— Collected data —
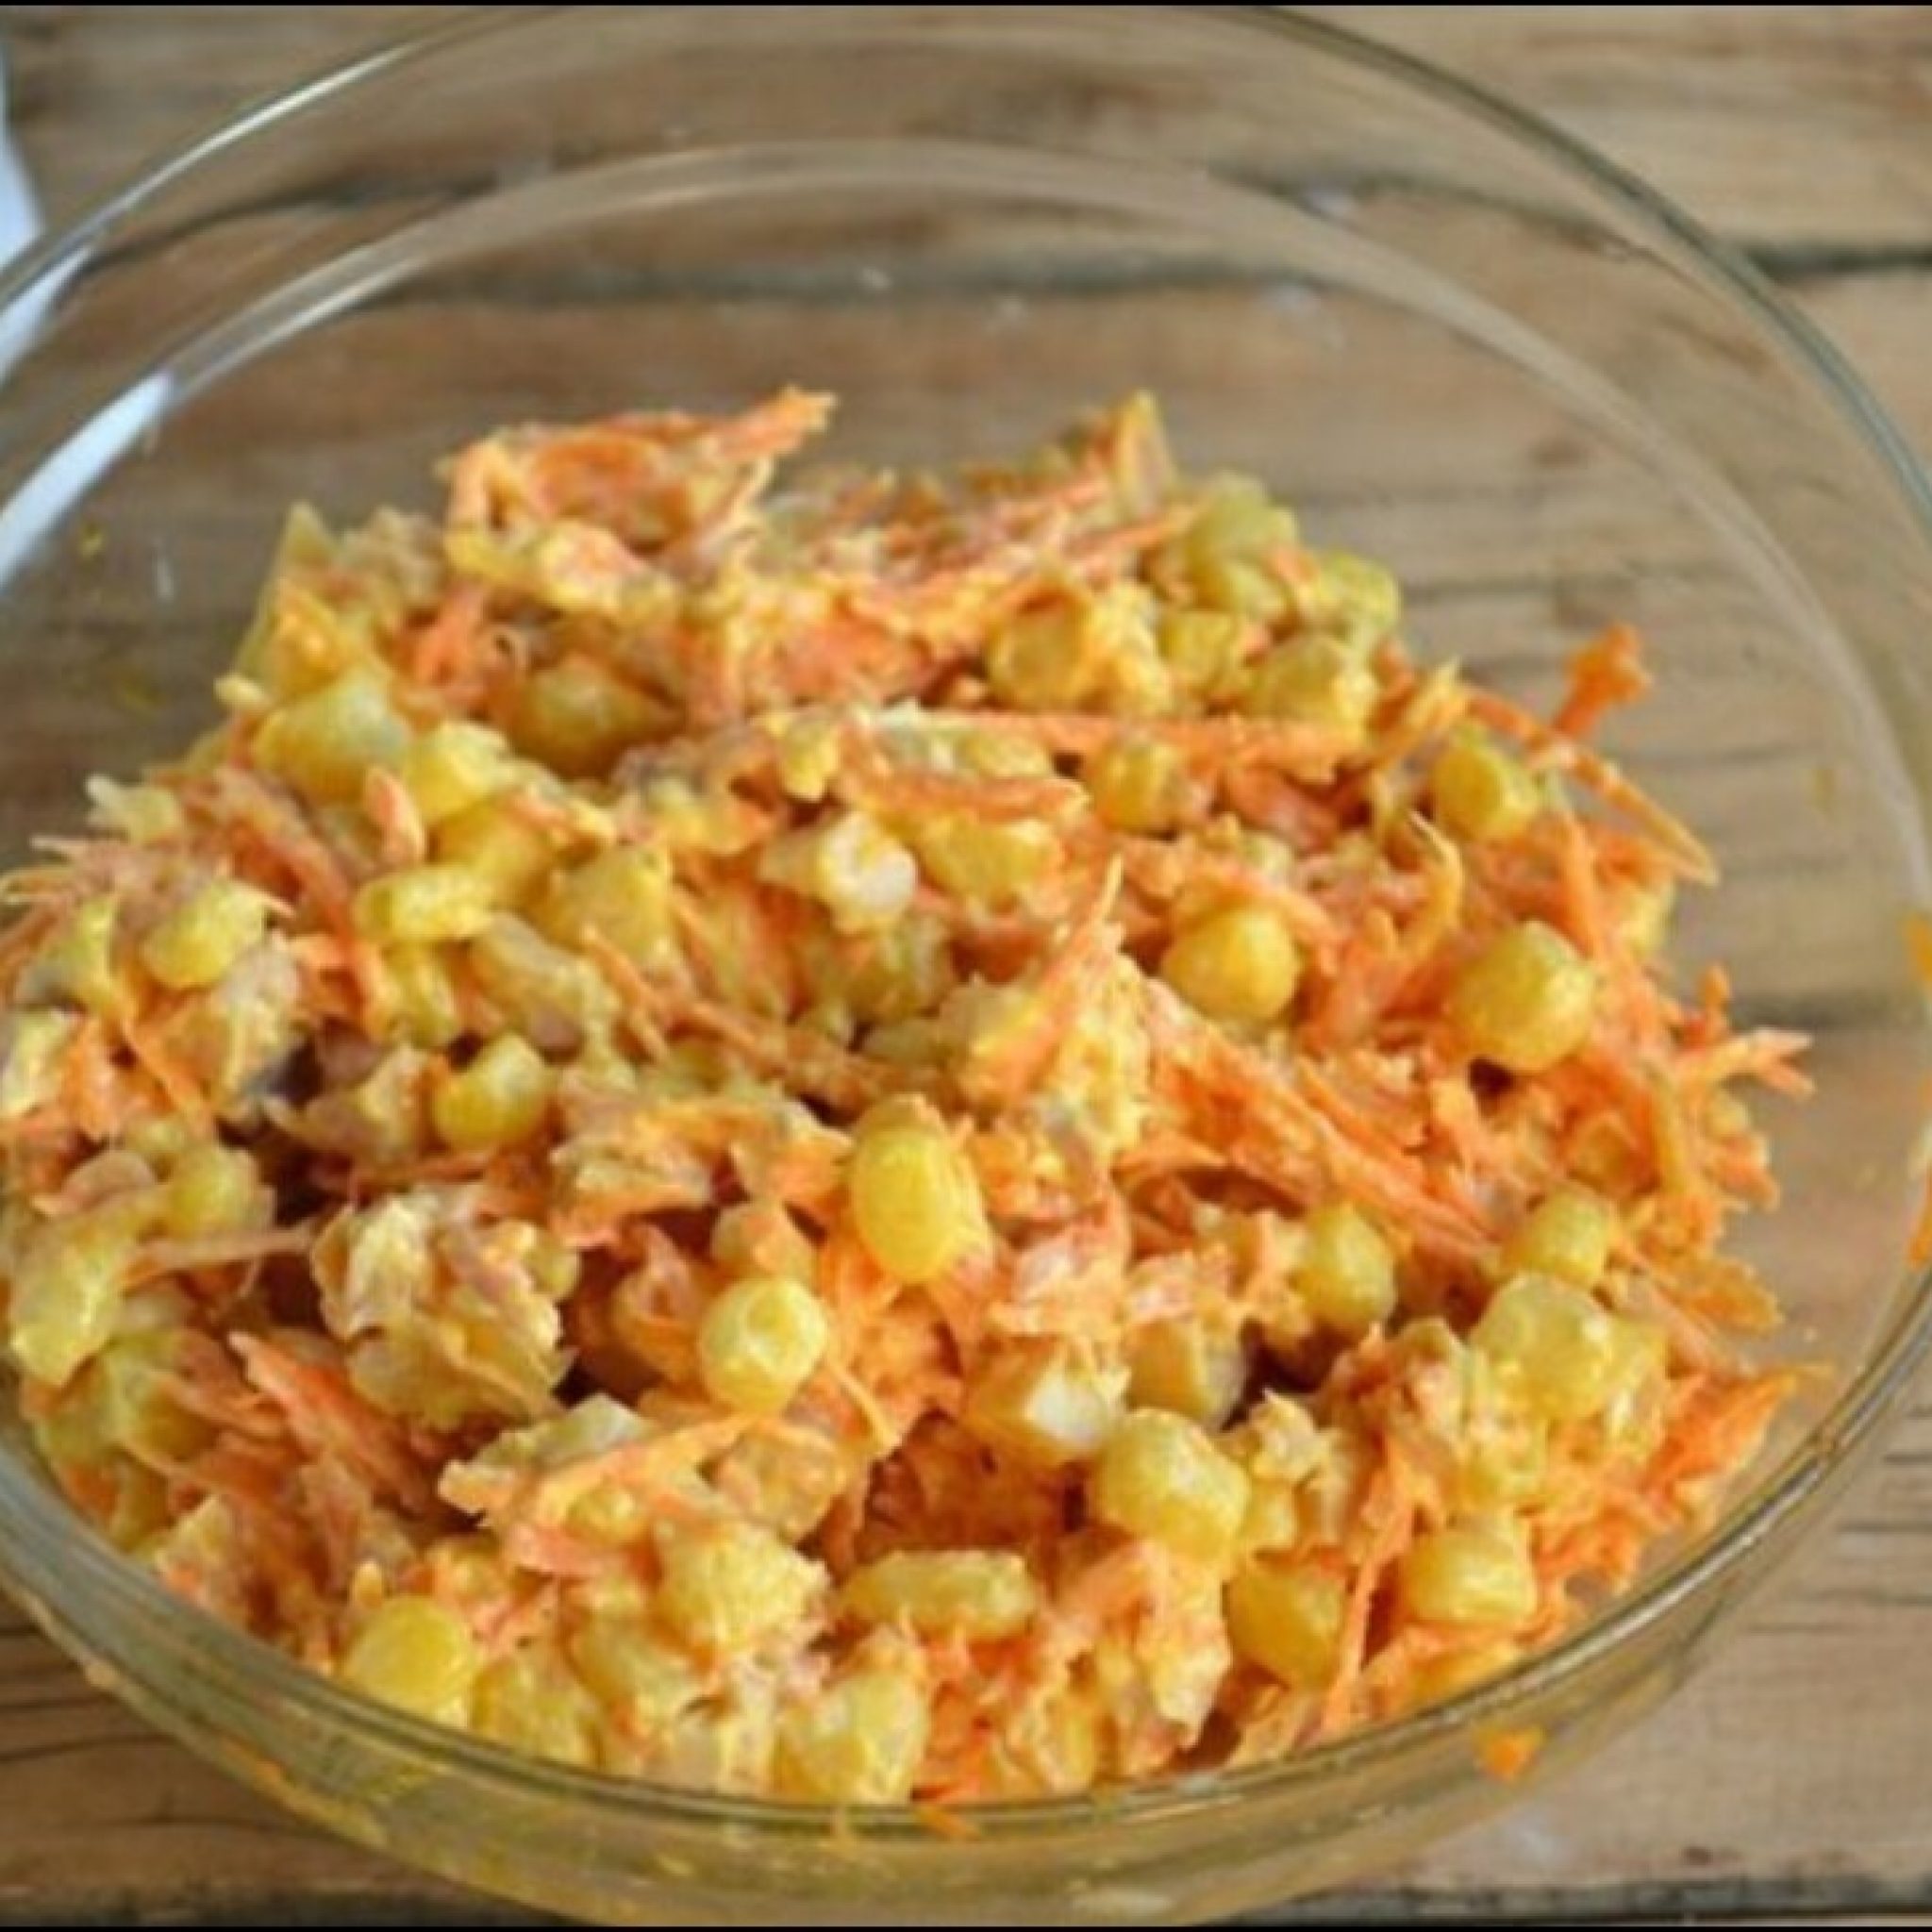 Вкусный салат из копченой курицы и корейской моркови рецепт с фото очень
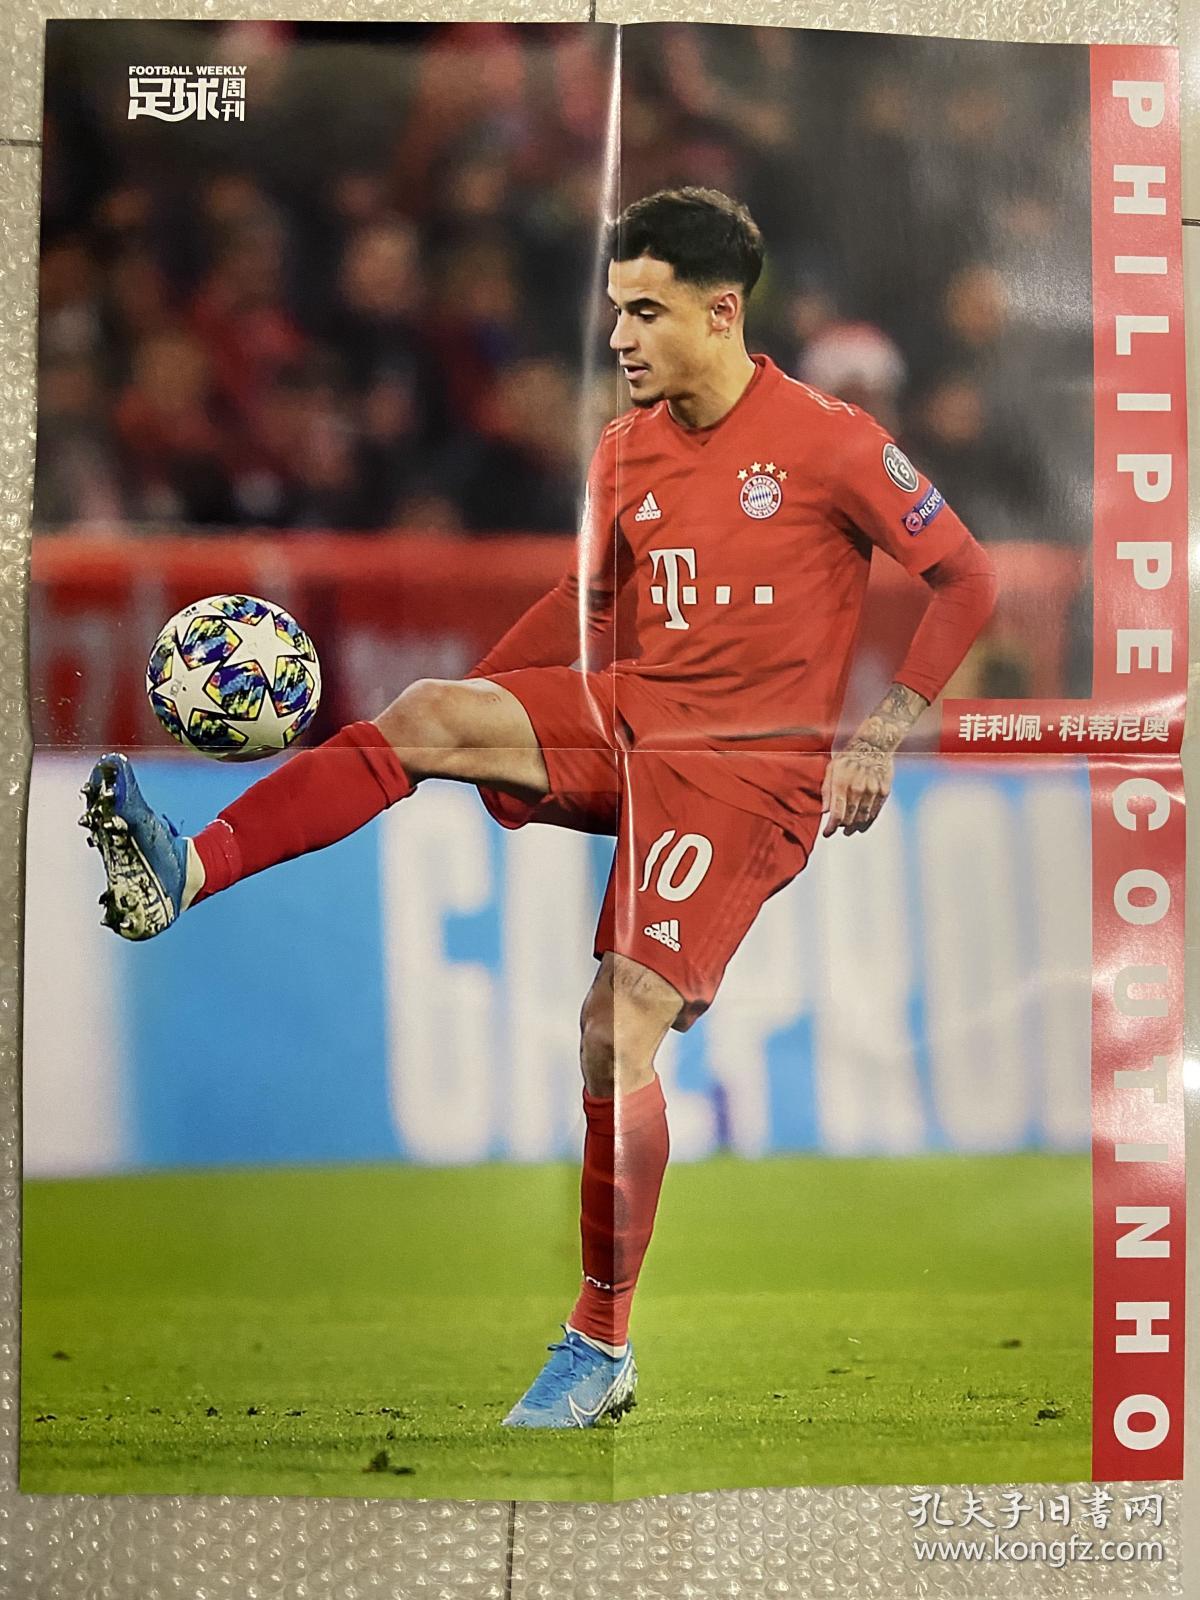 足球周刊 No.778 2019.12 库蒂尼奥（拜仁）维尔纳（莱比锡） 海报
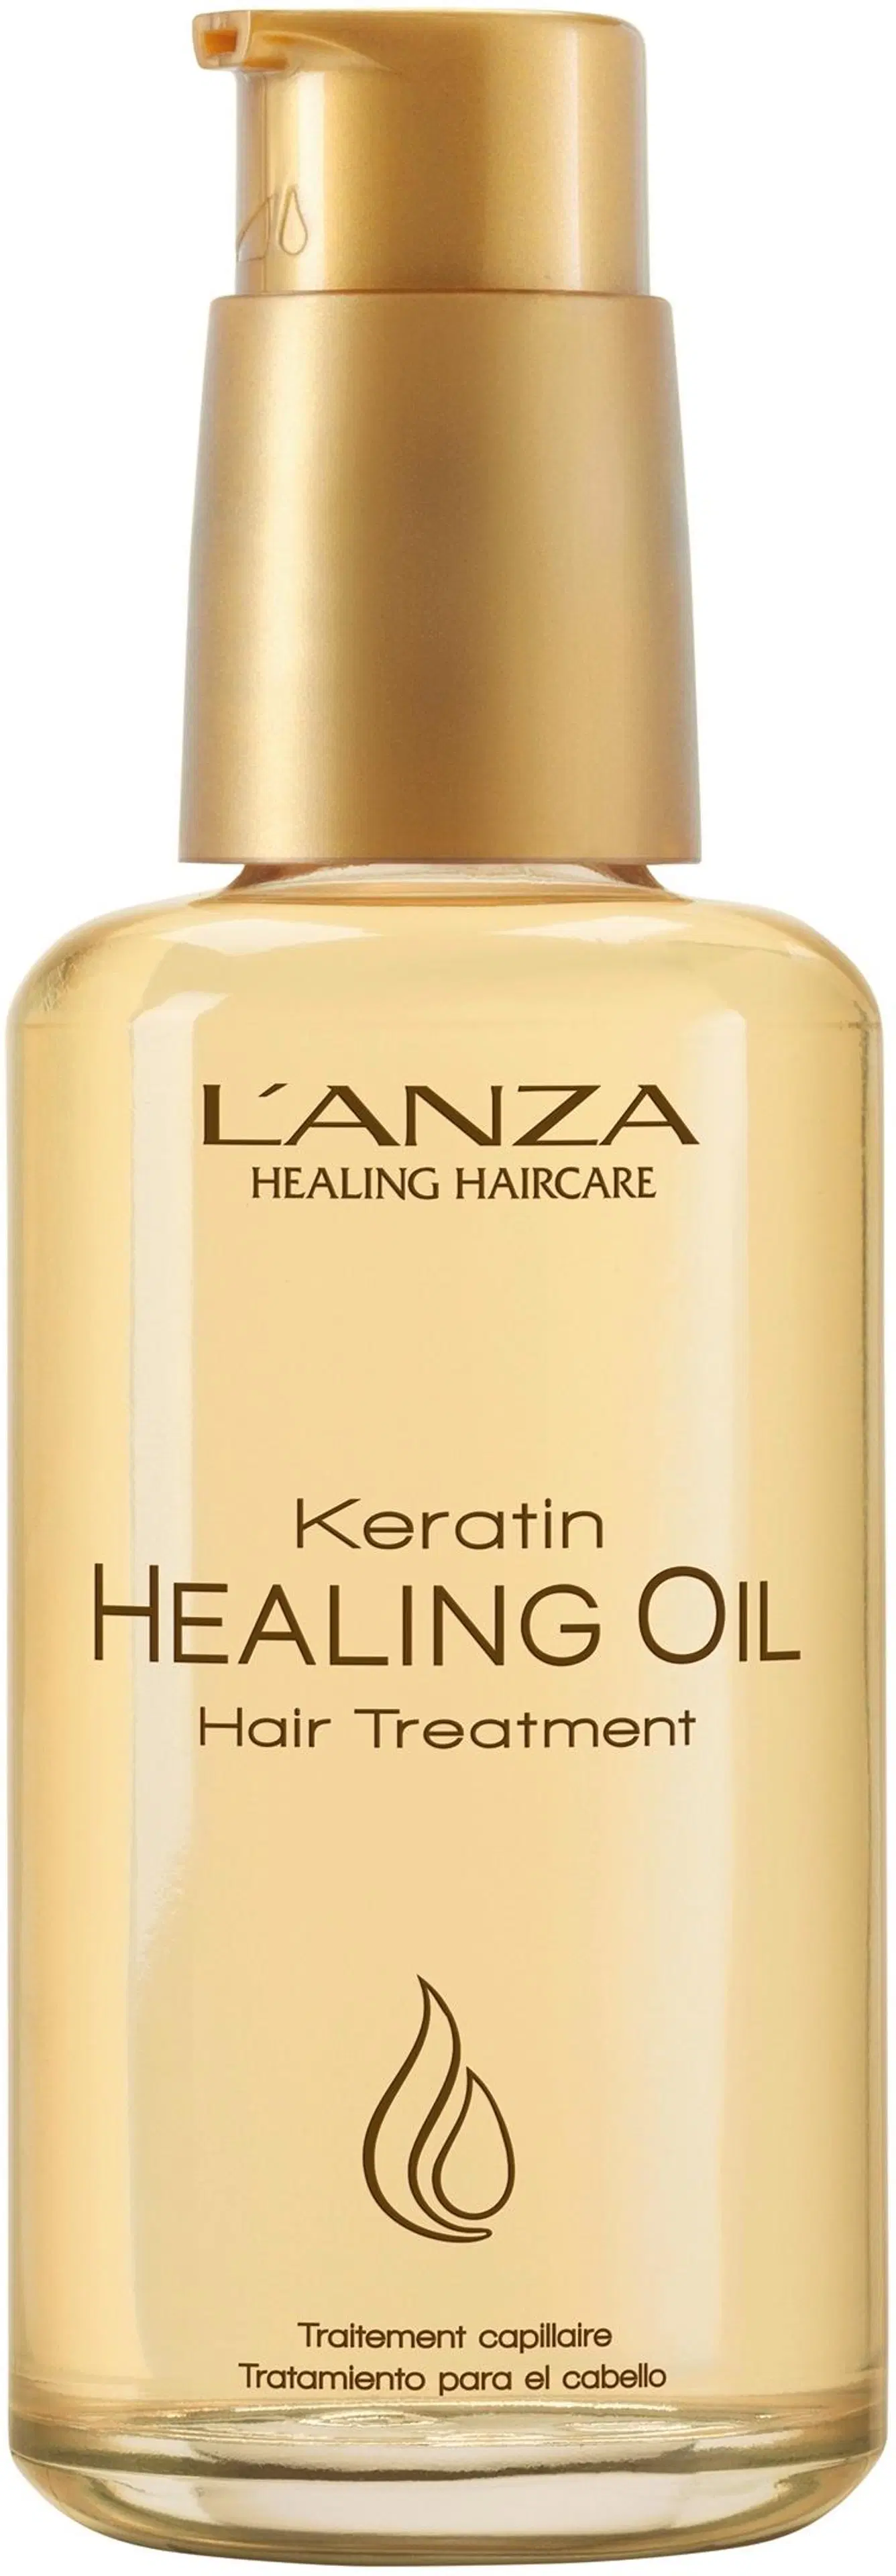 L´ANZA Keratin Healing Oil Hair Treatment hoitoöljy 100 ml

— The problem —
Your copy must consist solely of the lines from the one containing "足球周刊 No.778 2019.12 库蒂尼奥（拜仁）维尔纳（莱比锡） 海报" through the final line of the material above, transcribed exactly, with the pictures left out.

— Answer space —
 足球周刊 No.778 2019.12 库蒂尼奥（拜仁）维尔纳（莱比锡） 海报
 L´ANZA Keratin Healing Oil Hair Treatment hoitoöljy 100 ml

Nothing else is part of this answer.